Владлен Петрович вздохнул, закатил глаза и снова терпеливо всё повторил: что это элитная гимназия, что мест тут отродясь не бывает даже в начале учебного года, но если вникнуть в проблему и …
– Но это же школа! – вскочив, закричала вдруг блёклая мамаша. – Обычная муниципальная школа! Да я сама тут училась! И преподают тут всё те же учителя – Клавдия Максимовна, Ирина Анатольевна, Лидия Анисимовна и старый Алексей Петрович, которому на пенсию пора было, когда я в восьмом классе училась!! Они что за эти годы Оксфорд закончили? А Алексей Петрович что, в Кембридже подучился?! С чего ради образование здесь стало считаться элитным?! Ну ввели вы этот старославянский, будь он неладен, так Олечка его быстро выучит и всех в классе нагонит! Она два года на больничной койке училась, так далеко вперёд по всем предметам ушла! Ну почему я могла учиться по месту жительства, а мой ребёнок, только что оправившийся от тяжёлой болезни, должен ездить в мороз на автобусе с риском простудиться? Только потому, что вы, видите ли, ввели старославянский язык и назвались гимназией?! Поэтому, да?!!!
Мамаша плюхнулась тяжело на стул и заморгала вмиг покрасневшими веками. Из бесцветных глаз полились бесцветные слёзы, которые она начала утирать тоненькими, детскими пальчиками.
Мамаши не раз плакали в этом кабинете, поэтому Владлен Петрович слезами не впечатлился. Он давно бы послал недогадливую мамашу, но на одном из пальцев, которыми она утирала слёзы, блестело колечко, стоившее, как намётанным глазом определил Владлен Петрович, не одну сотню долларов. А значит… Значит, не всё спустила мамаша на лекарства для девочки Олечки.
Владлену Петровичу для счастья не хватало каких-то там тридцати тысяч рублей.
Счастье стояло в автосалоне и называлось «Жигули» пятнадцатой модели. Оно было цвета «баклажан». В одной крутой конторе, где работал папа ученика, которому была обещана золотая медаль, Владлену Петровичу пообещали затюнинговать это счастье по последнему слову моды – литые хромированные диски, спойлеры, антикрылья, тонировка. Но не хватало всего каких-то там тридцати тысяч, чтобы забрать «Жигули» из салона!!

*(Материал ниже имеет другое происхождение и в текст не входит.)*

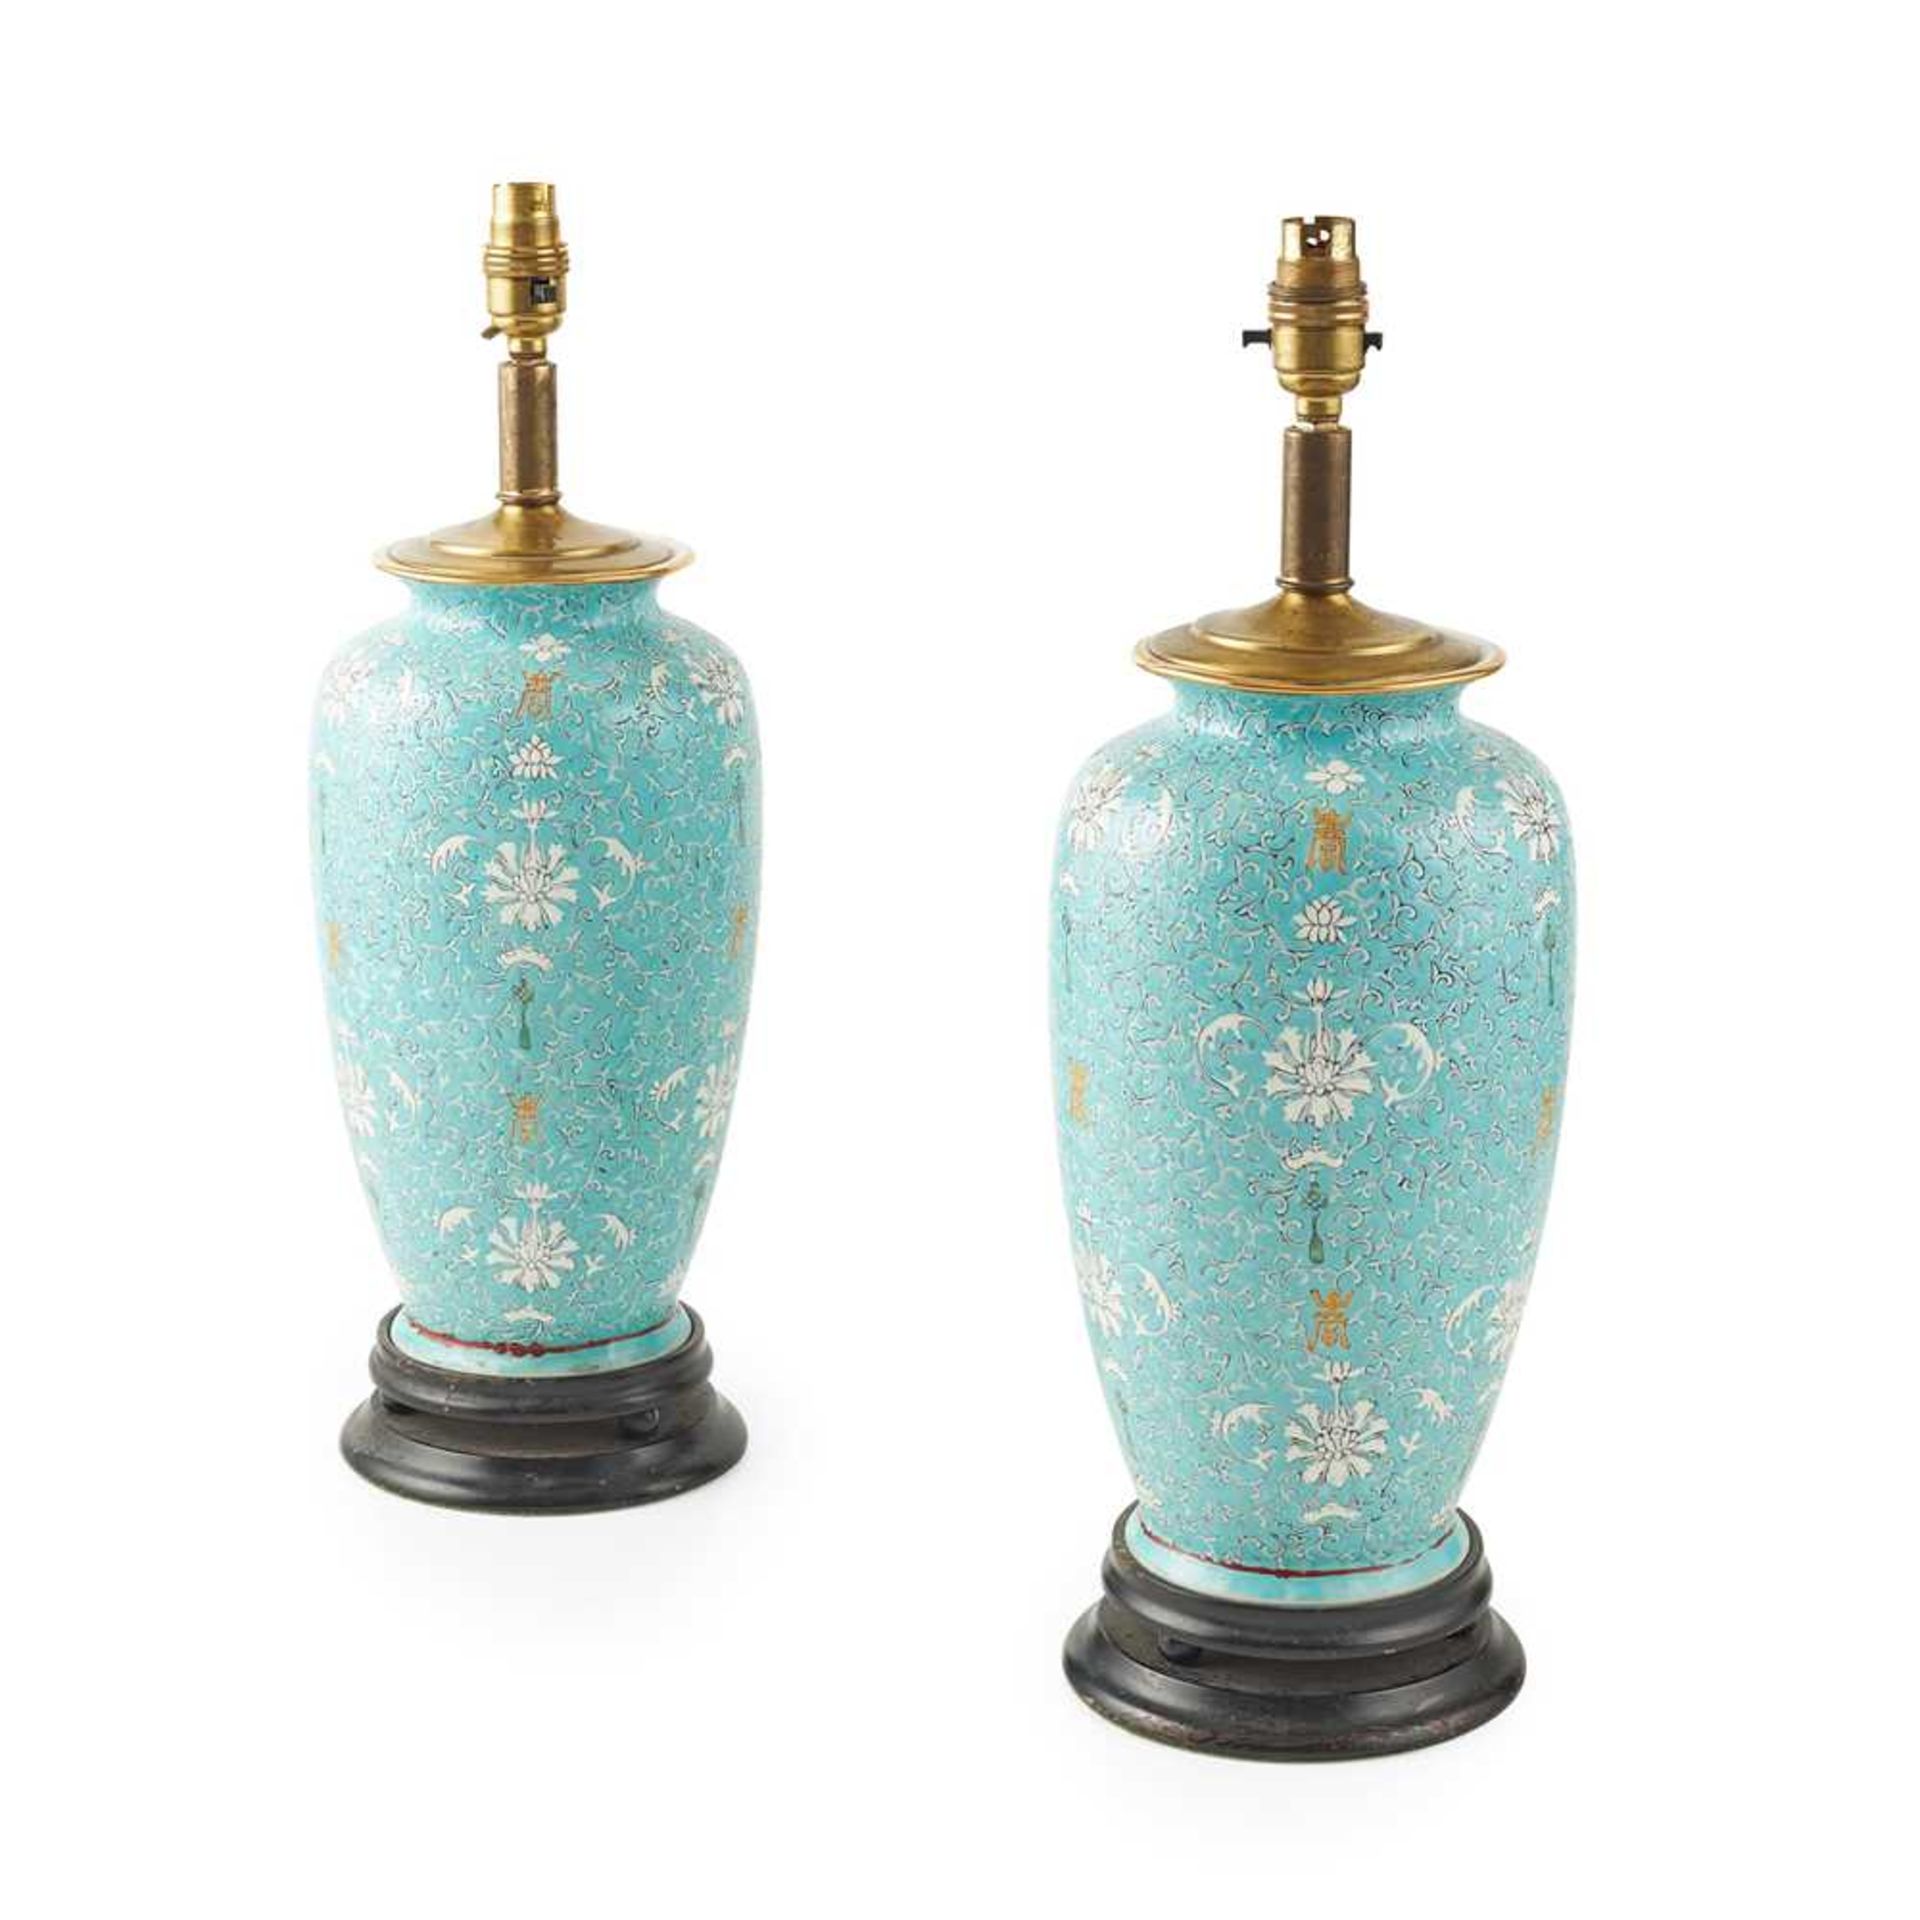 PAIR OF CHINESE TURQUOISE GROUND PORCELAIN VASES LATE QING/ REPUBLIC PERIOD
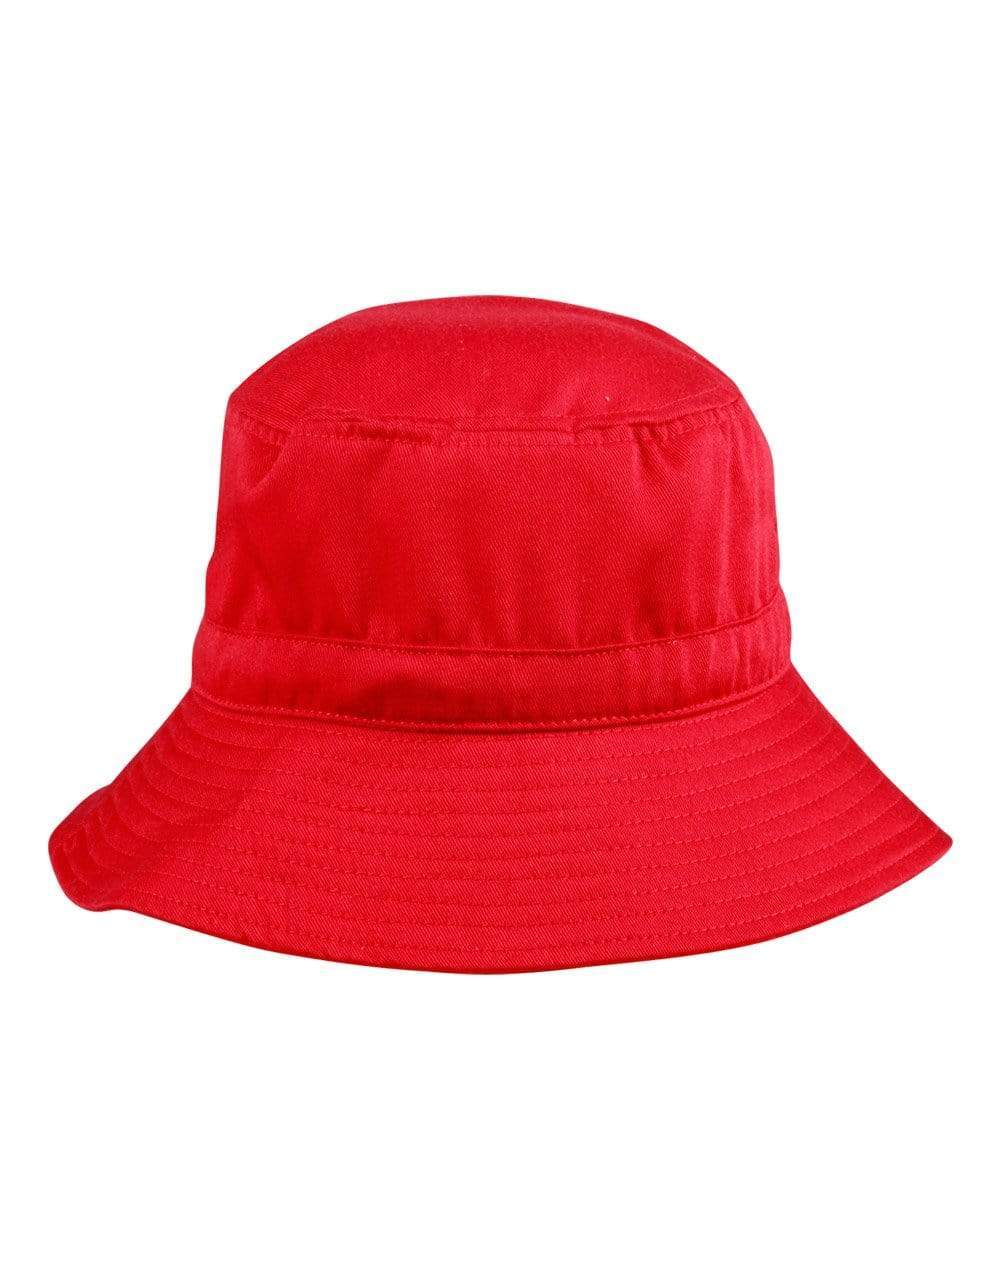 Bucket Hat With Toggle H1034 Active Wear Winning Spirit Red S/M

Поэтому, вместо того, чтобы прогнать мамашу, Владлен Петрович снова набрал воздуха в грудь и снова завёл разговор о прохудившейся крыше.
– Сколько? – оборвала его на полуслове мамаша. Она больше не плакала, она разматывала на шее косынку, словно та душила её.
Владлен Петрович оценивающим взглядом окинул её.
Странная она всё-таки женщина: стоптанные сапоги, поношенное пальто, неухоженные волосы, лицо без косметики и…такое кольцо.
Как бы не продешевить?
Если б не кольцо, он попросил бы у неё тысяч десять, не больше, но с кольцом…
– Я думаю, тысяча долларов помогут решить нашей гимназии проблему с протекающей крышей.